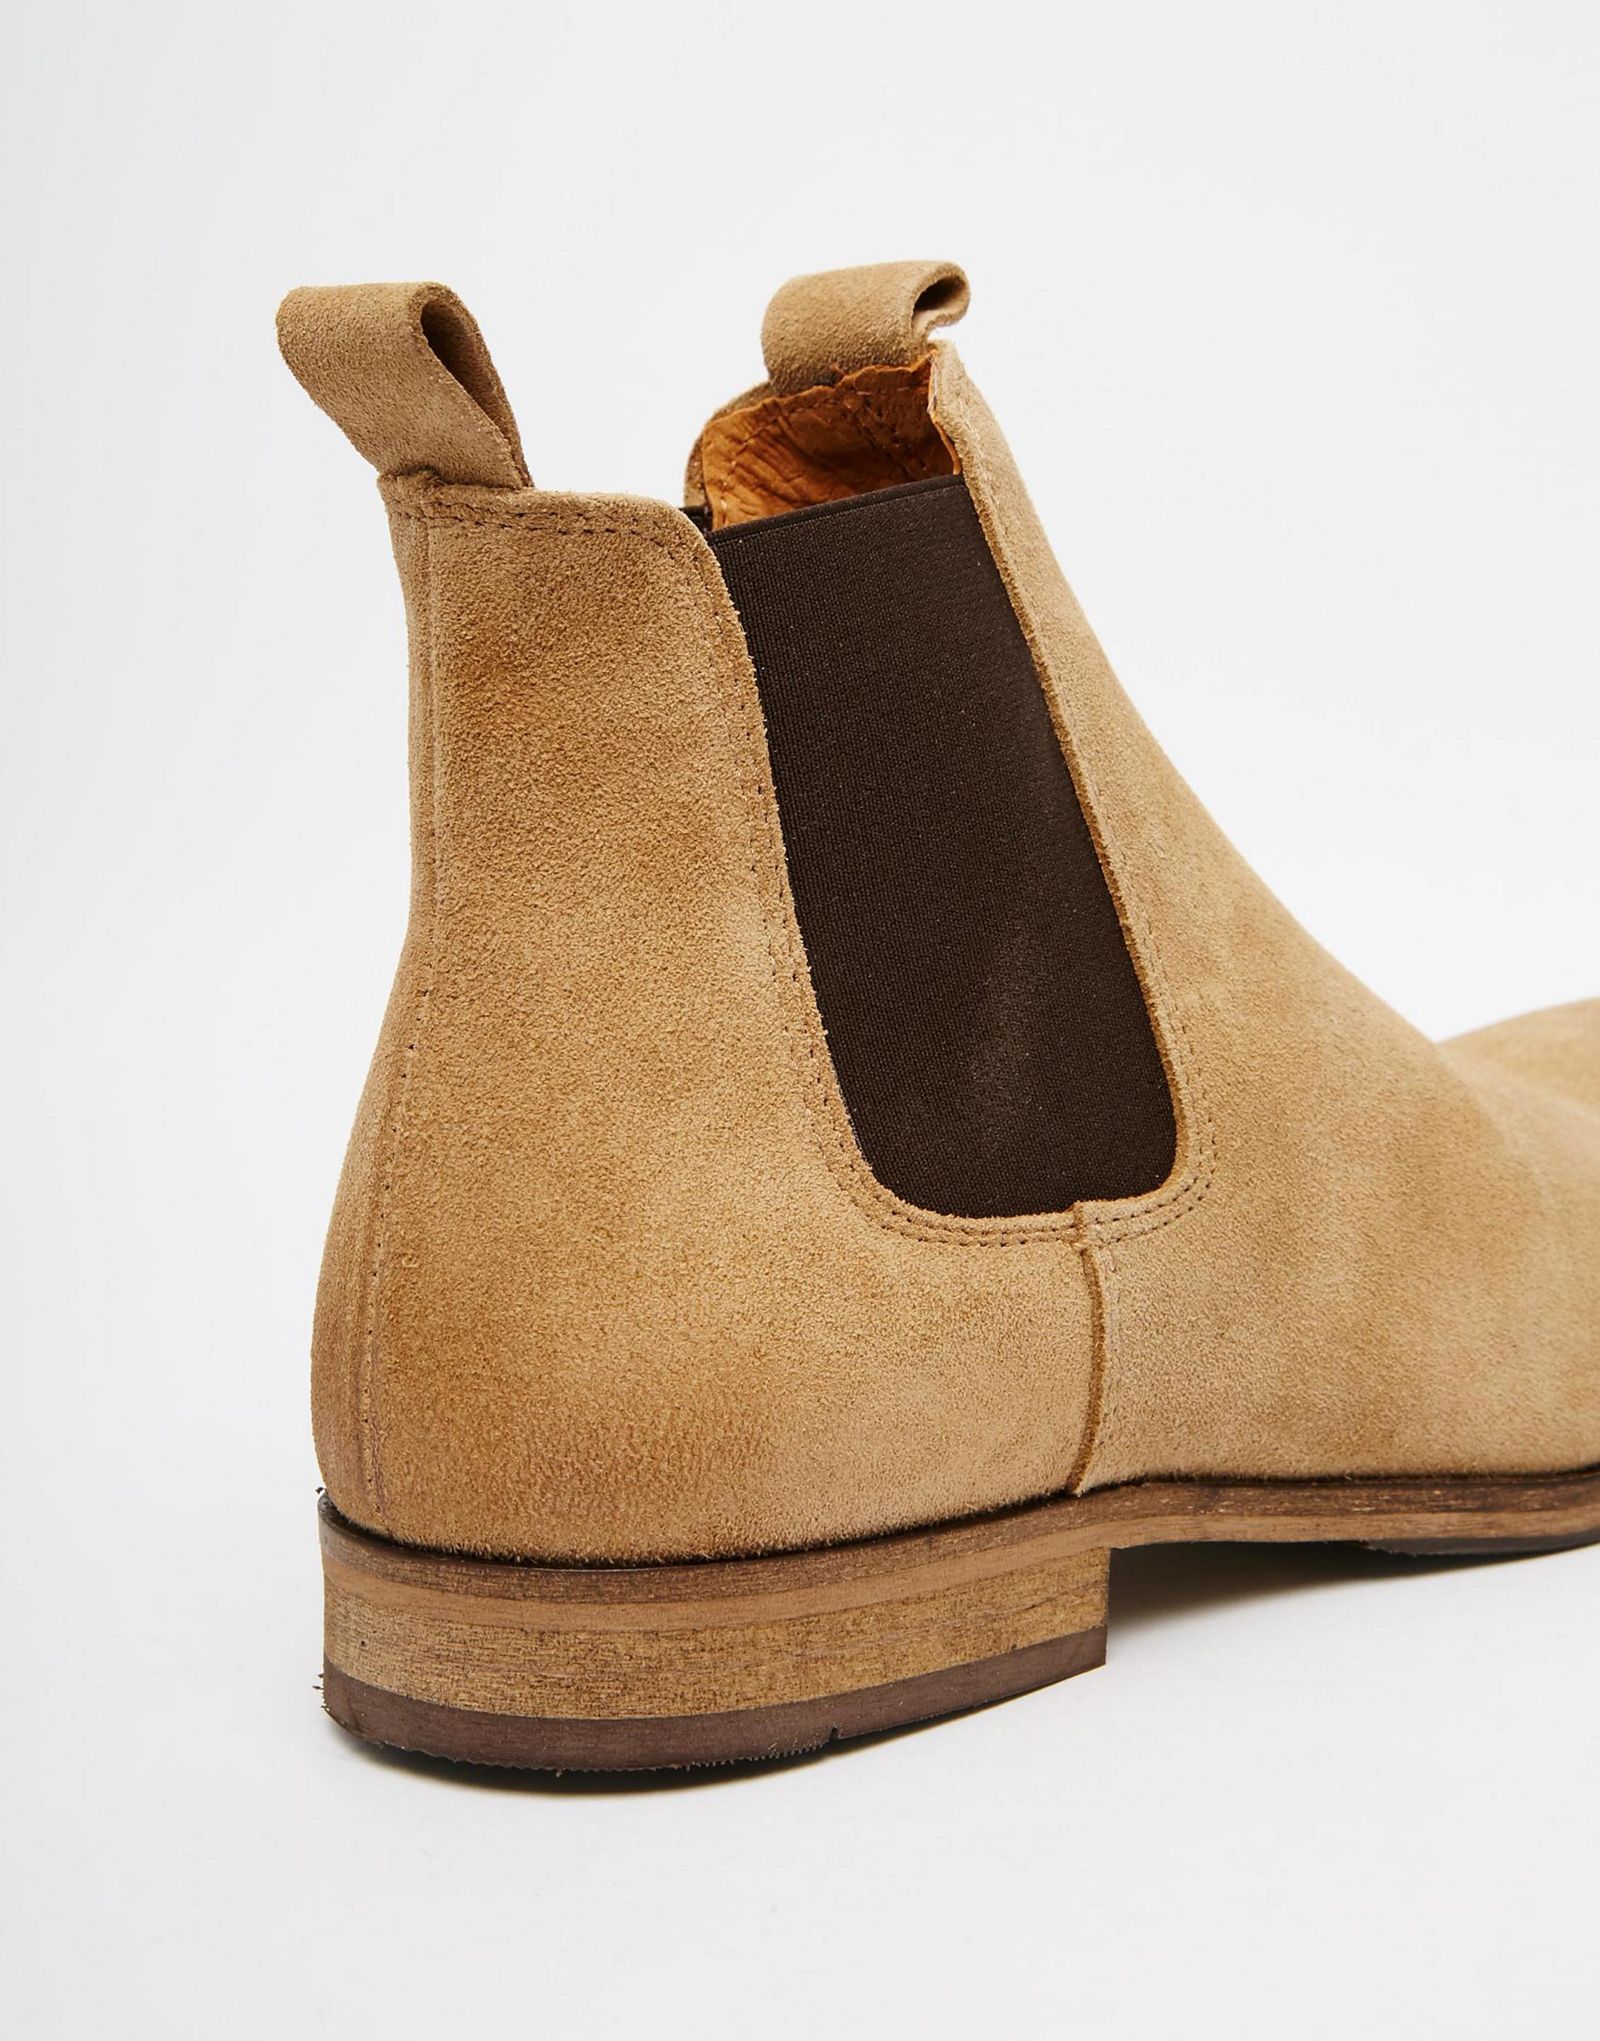 Selected Homme Melvin Suede Chelsea Boots
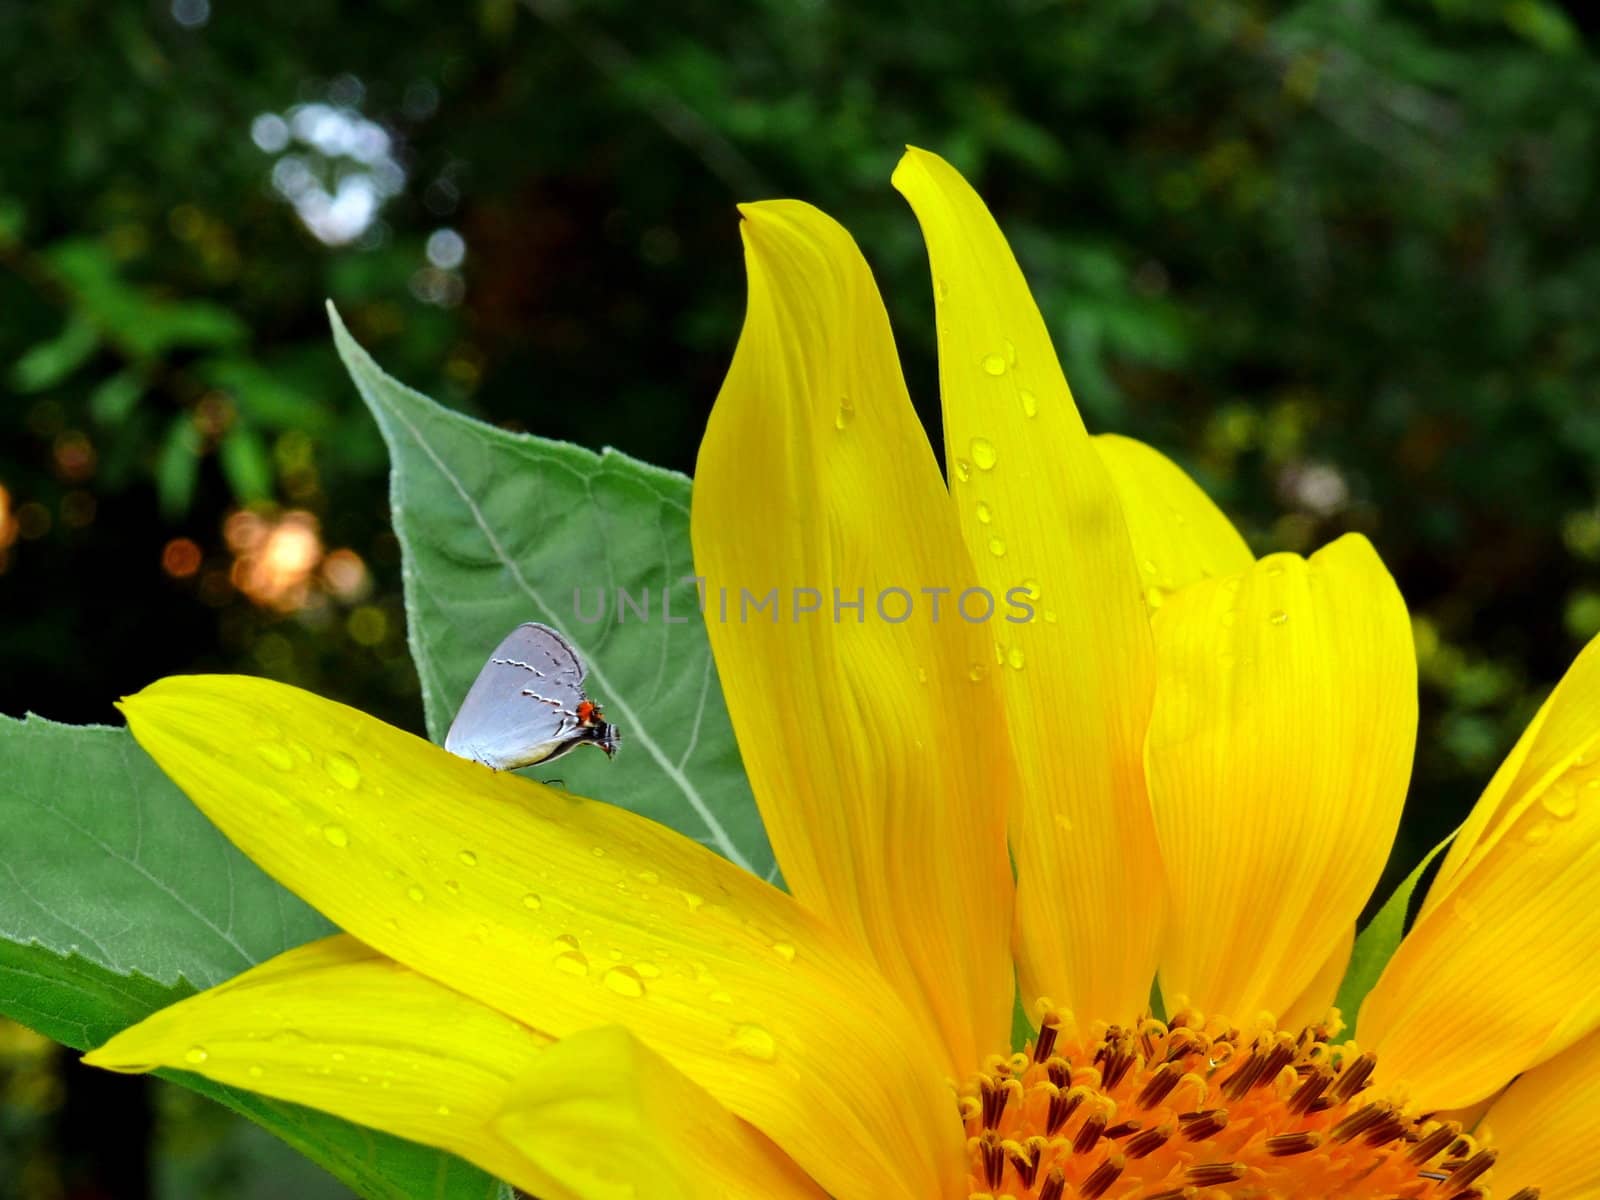 A giant sunflower with a small butterfly sitting on one of the petals.
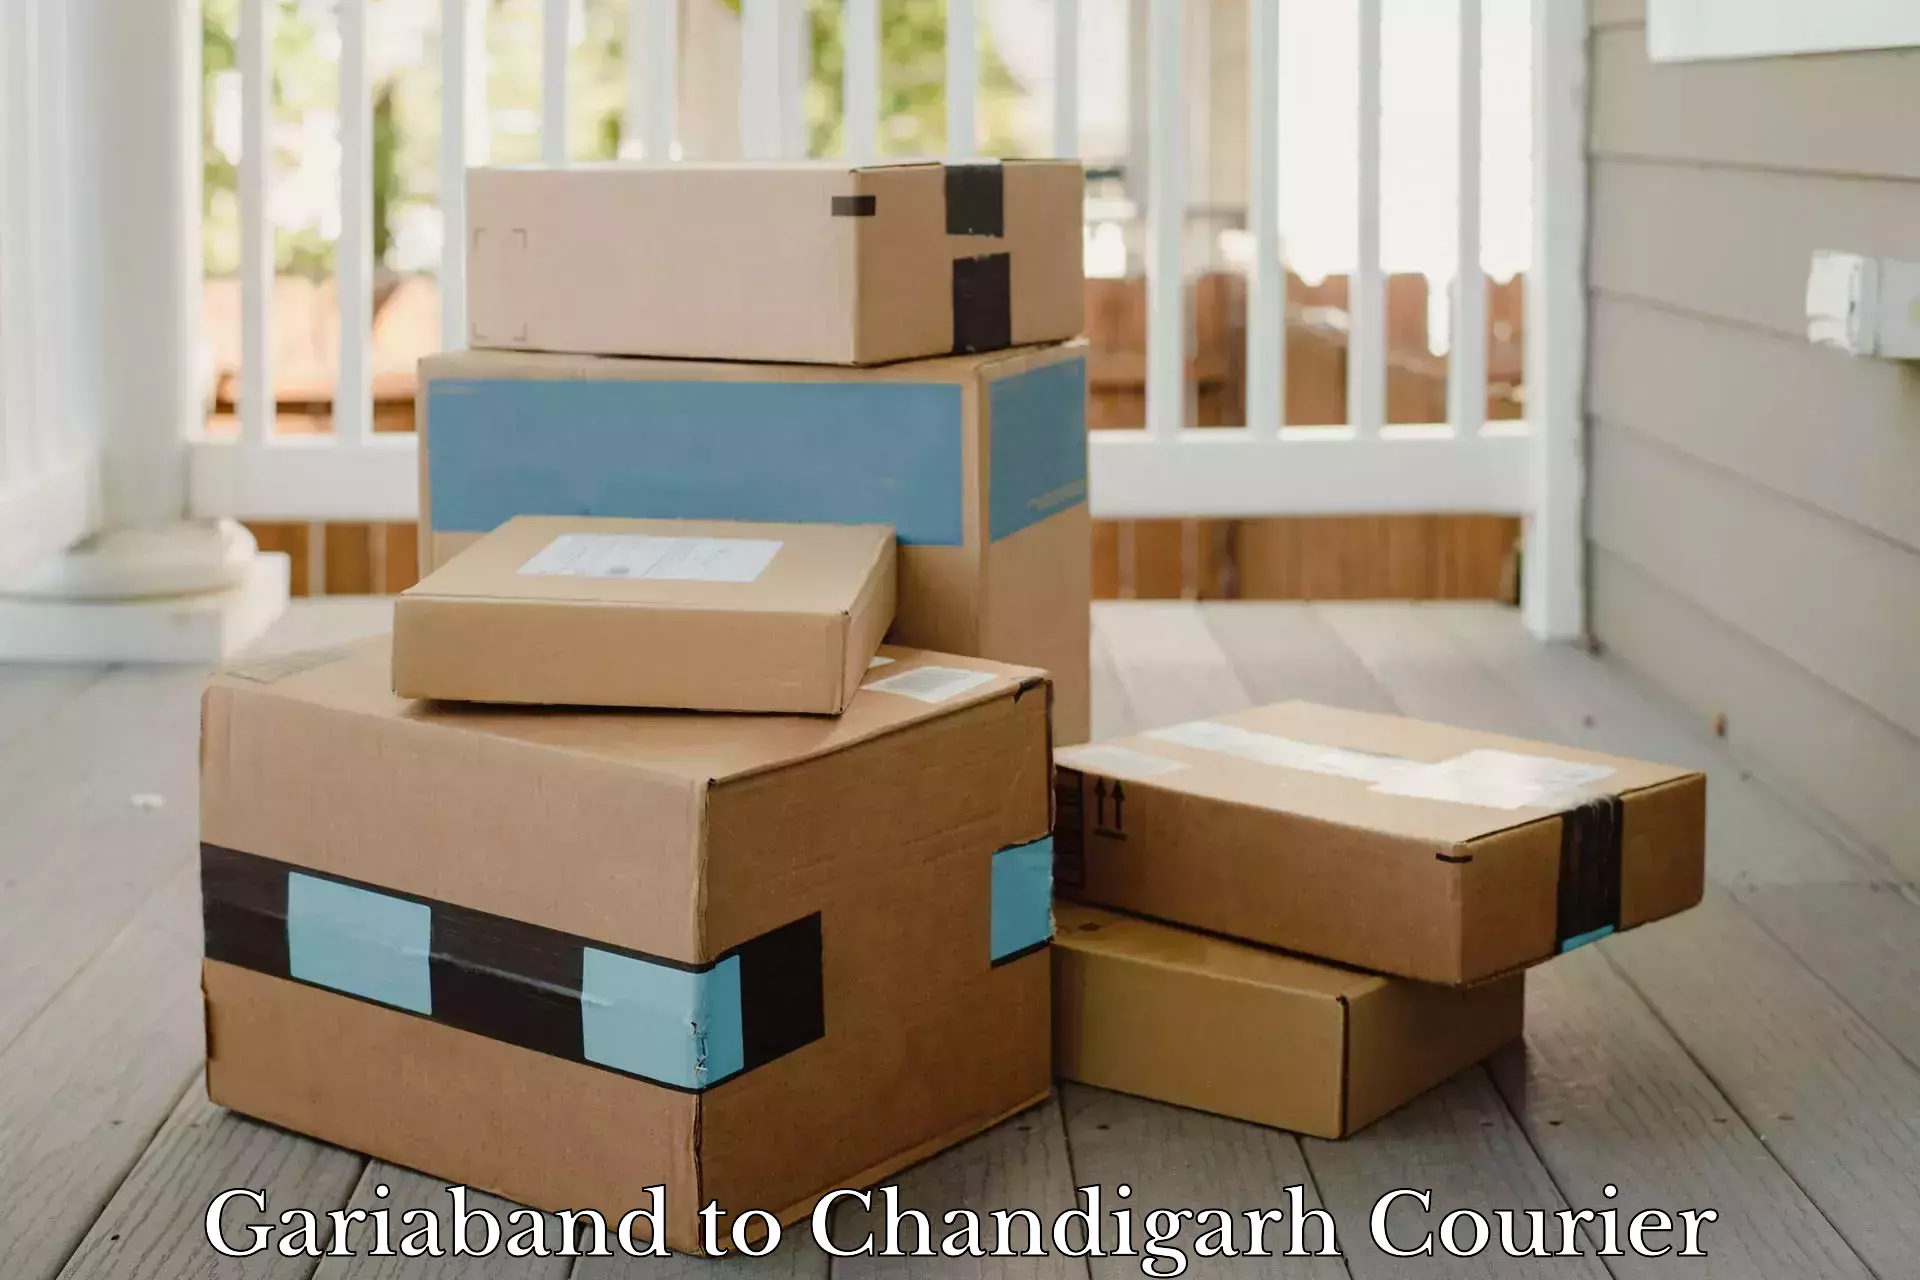 Delivery service partnership Gariaband to Chandigarh

====

→ WORK REQUEST
Copy out the data above to the letter, and keep every picture out of it.

→ EXPECTED ANSWER
 Selected Homme Melvin Suede Chelsea Boots
 A giant sunflower with a small butterfly sitting on one of the petals.
 Delivery service partnership Gariaband to Chandigarh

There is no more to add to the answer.